Gods and Pineapples: The Original 1.5 Generation Korean Americans

Gods and Pineapples. These two ideas and objects defined my family and many others for a century. This is from a decades long project of mine and so I’ll be posting on this too…

You feel alone and isolated. You feel like you are doing what no Korean has ever done before. You feel trapped between cultures. You feel like your parents don’t understand you. You say, this is because I am a 1.5 Korean American! You don’t get it! These teenagers from 1923 might have understood what you are talking about.

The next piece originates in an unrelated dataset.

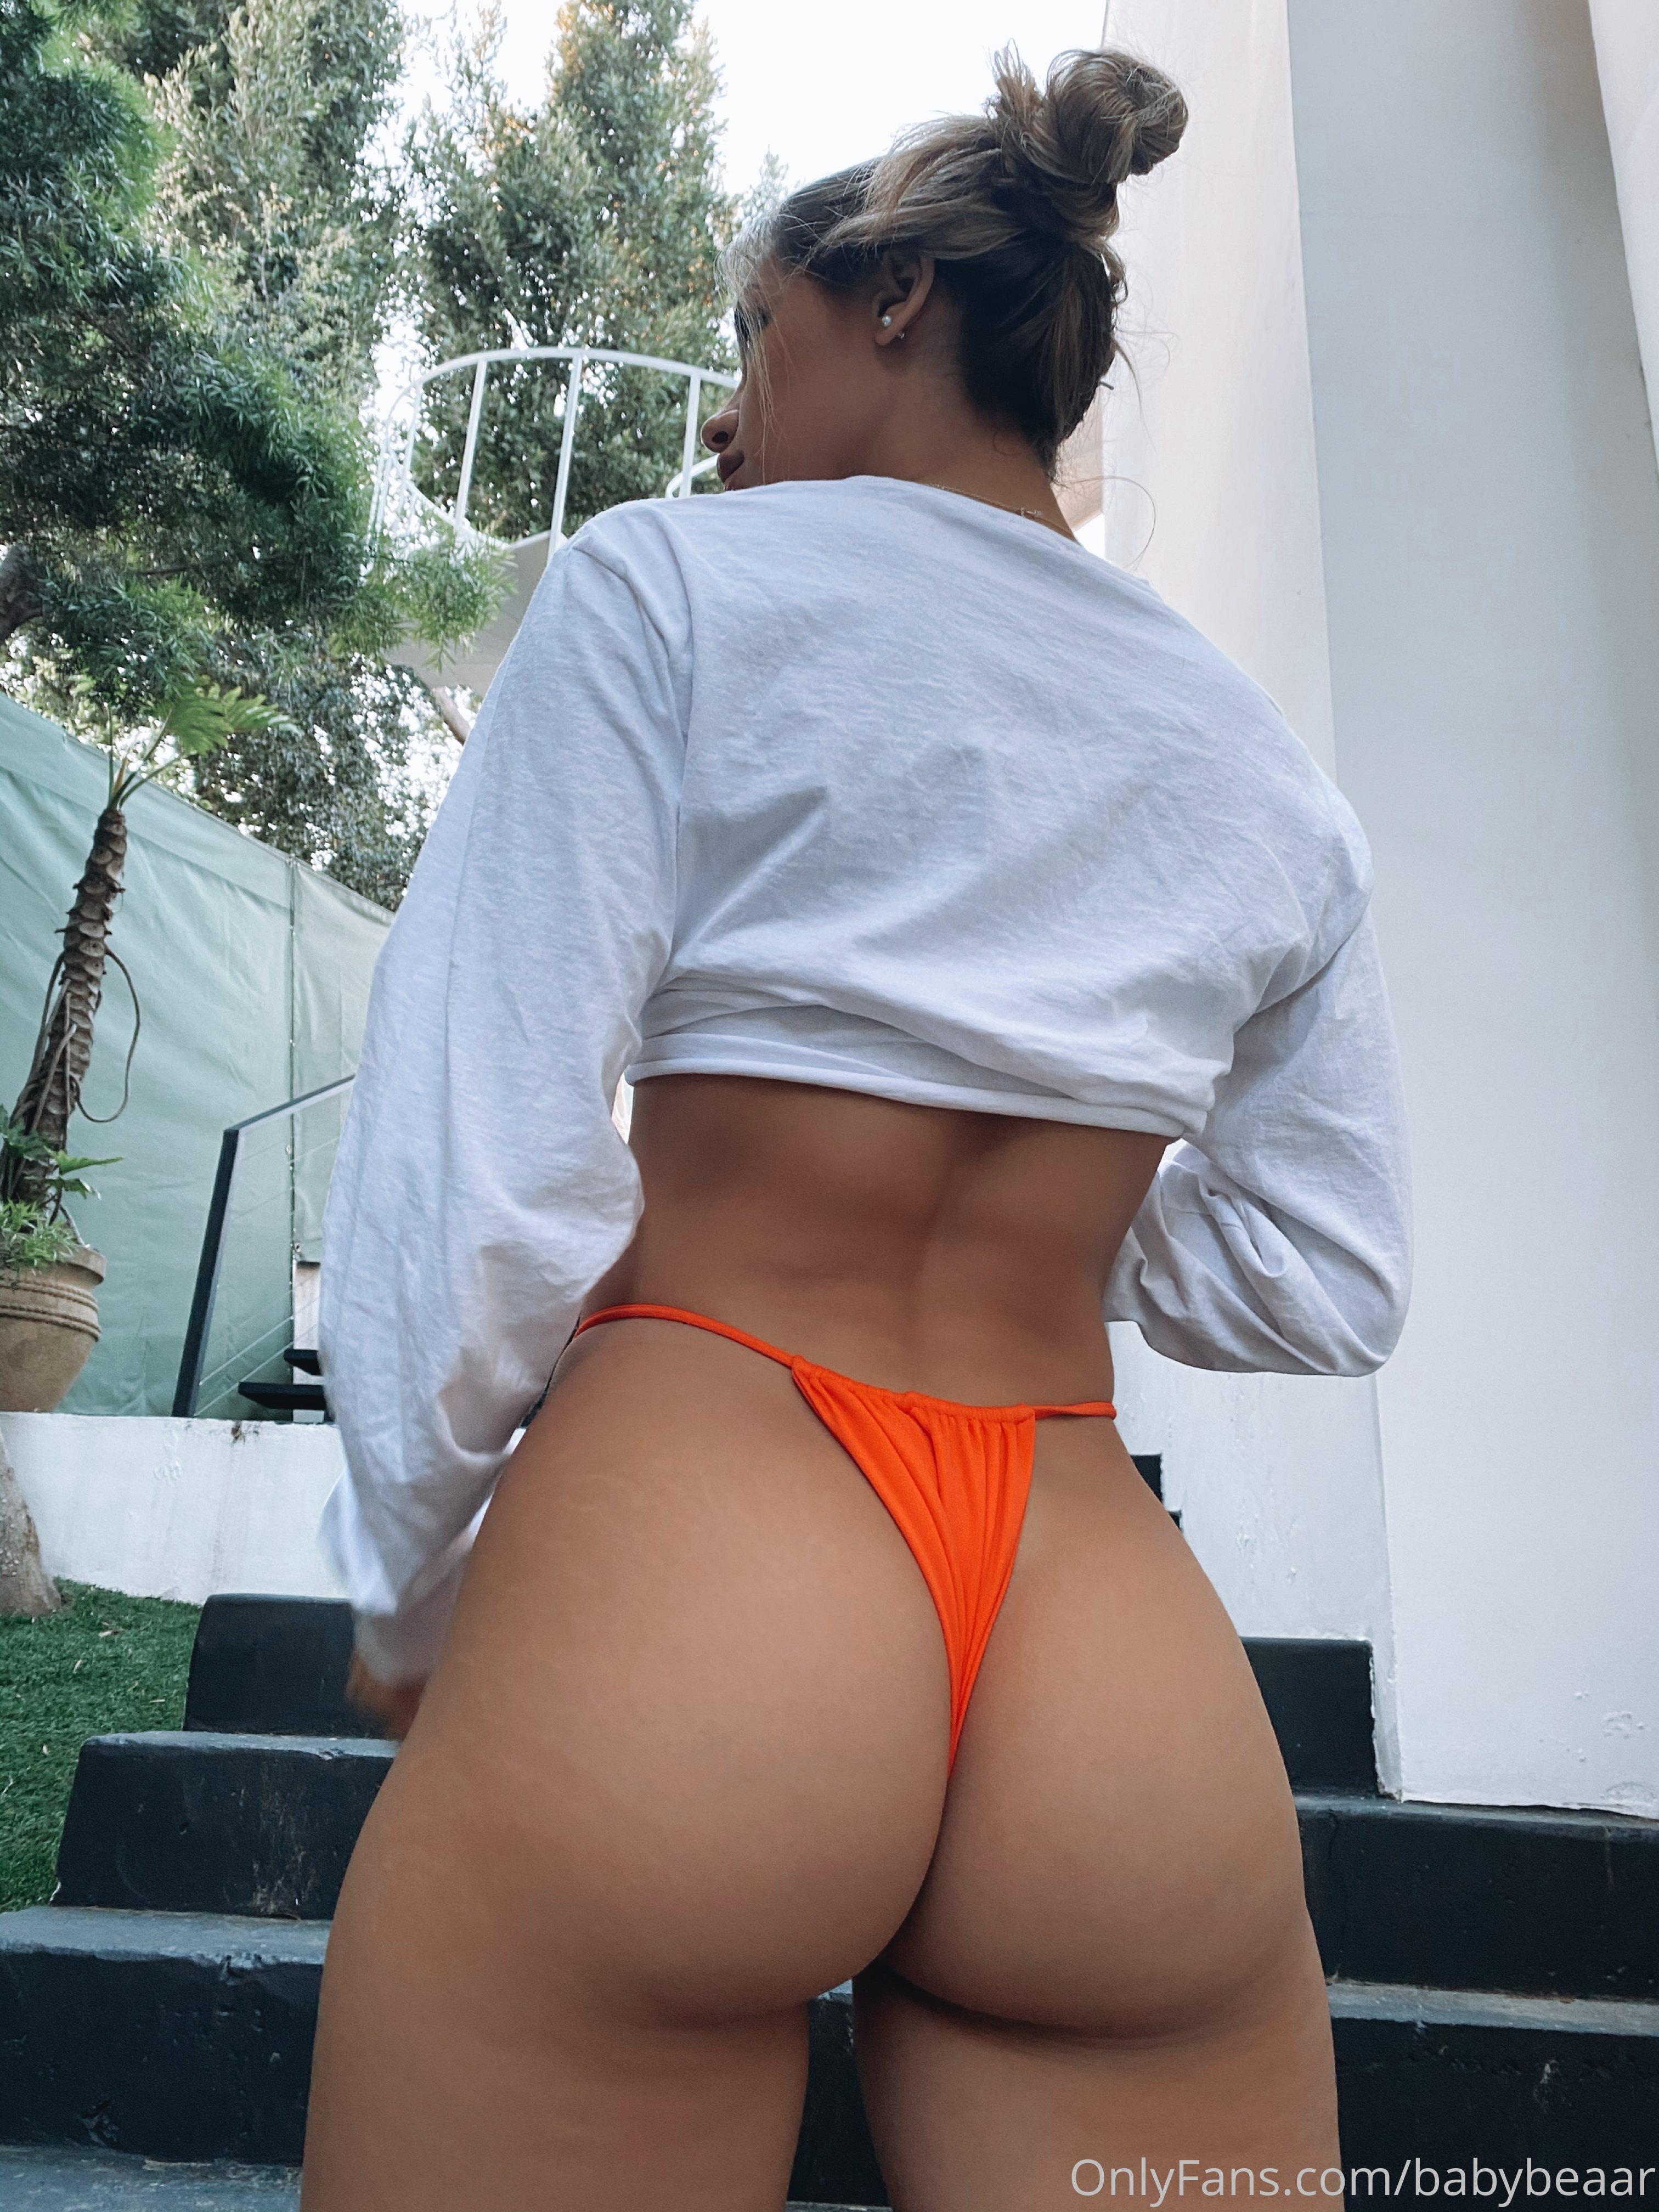 Mariana Morais Onlyfans 0134

My grandmother Salome Choi Han is the third from the right in the first row. These were the children of the first wave of Korean immigration from 1903-5. The then Reverend Syngmun Rhee selected the students from some of the earliest immigrant families to do a homeland heritage tour of Korea in 1923. My grandmother went and played the flute. My grandfather, Hank Han or Kee Chan Han, not depicted here, was part of the demonstration baseball team. He was a pitcher for Mid-Pac Institute. Apparently the Koreans were very surprised to see these English speaking Koreans from Hawai’i and followed them down the street and pinched them.

Always remember that there are others who might have been there too. You are the first in your family perhaps, to feel what you feel, but hey, there were other 1.5 ers also! Korean Americans have been in the US for many years. I’m really looking forward to delivering lectures and workshops for the young professionals program for the Council of Korean Americans at the end of the month.